To test the sensitivity with increasing number of padlock probes per segment, an increasing number of the ten distinct locations on NA and HA, have been used. The main result is that sensitivity increases with number of PLPs used, but saturates around 6PLPs. For details, see the analysis notebook. These figures are included in the manuscript as Fig. 2f,g and Supp. Fig. 2f,g, respectively.
Dedicated experiments have been performed, to check the quality of the sequencing procedure.
Based on four experiments, in which only one of the channels (A,G,T, and C) is active in the first round, the bleed-through of signal from each channel to each other channel was estimated.
Only a moderate bleed-through (factor 0.656) was detected from channel A to channel T.
For details, see the notebooks (analysis, plot). This figure is included in the manuscript as Supp. Fig. 5b.

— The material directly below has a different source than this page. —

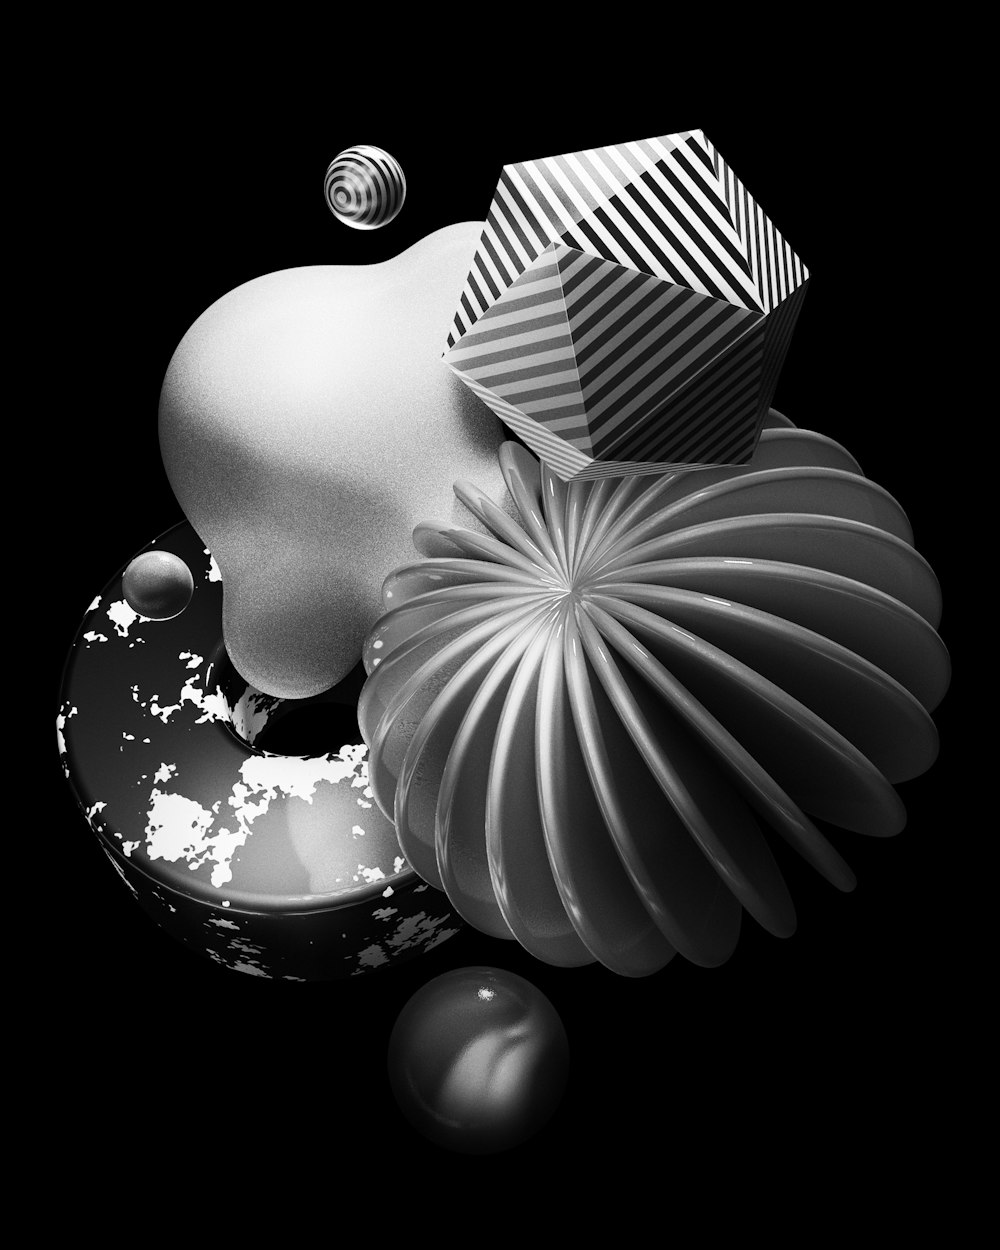 Una foto en blanco y negro de un jarrón y algunas bolas

Detailed analysis of the decoding correctness showed, that in an experiment with only a single valid 6nt barcode present, more than 92% of all detected spots were correct after 2 rounds of sequencing and 84% spots after 6 rounds of sequencing.
For details, see the analysis notebook. These figures are included in the manuscript as Supp. Fig. 6b,c.
- channel order: "AGTC"
- magnification: images were taken at 63x oil objective and pixel size is 0.103 µm
| Segment | vRNA/mRNA | Code |
|---|---|---|
| PB2 | vRNA | TT |
| PB1 | vRNA | TG |
| PA | vRNA | TC |
| HA | vRNA | TA |
| NP | vRNA | GT |
| NA | vRNA | GG |
| M | vRNA | GC |
| NS | vRNA | GA |
| PB2 | mRNA | CT |
| PB1 | mRNA | CG |
| PA | mRNA | CC |
| HA | mRNA | CA |
| NP | mRNA | AT |
| NA | mRNA | AG |
| M | mRNA | AC |
| NS | mRNA | AA |
The molecule and segment counts, relative abundances and ambiguous spots were analysed by MOI and hpi, separately for nucleus and cytoplasm.
For details, see the analysis notebook. These figures are included in the manuscript as Fig. 5c,d and Supp. Fig. 7a,b, and 9a,b respectively.
The temporal correlation analysis of single segment mRNA expression with total vRNA abundance revealed a high correlation of the M segment.
For details, see the analysis notebook. This figure is included in the manuscript as Supp. Fig. 8.
The single-cell analysis reveals extensive cell-to-cell heterogeneity. A substantial proportion of cells fails to replicate all vRNA segments. Cells missing either component of the polymerase complex vRNA segments or NP are associated with very low replication of the vRNA.
For details, see the analysis notebook. The results of the linear modelling are included in Table 2 in the manuscript. These figures are included in the manuscript as Fig. 6b,c,d,e and Supp. Fig. 10a,b, and 12a,b respectively.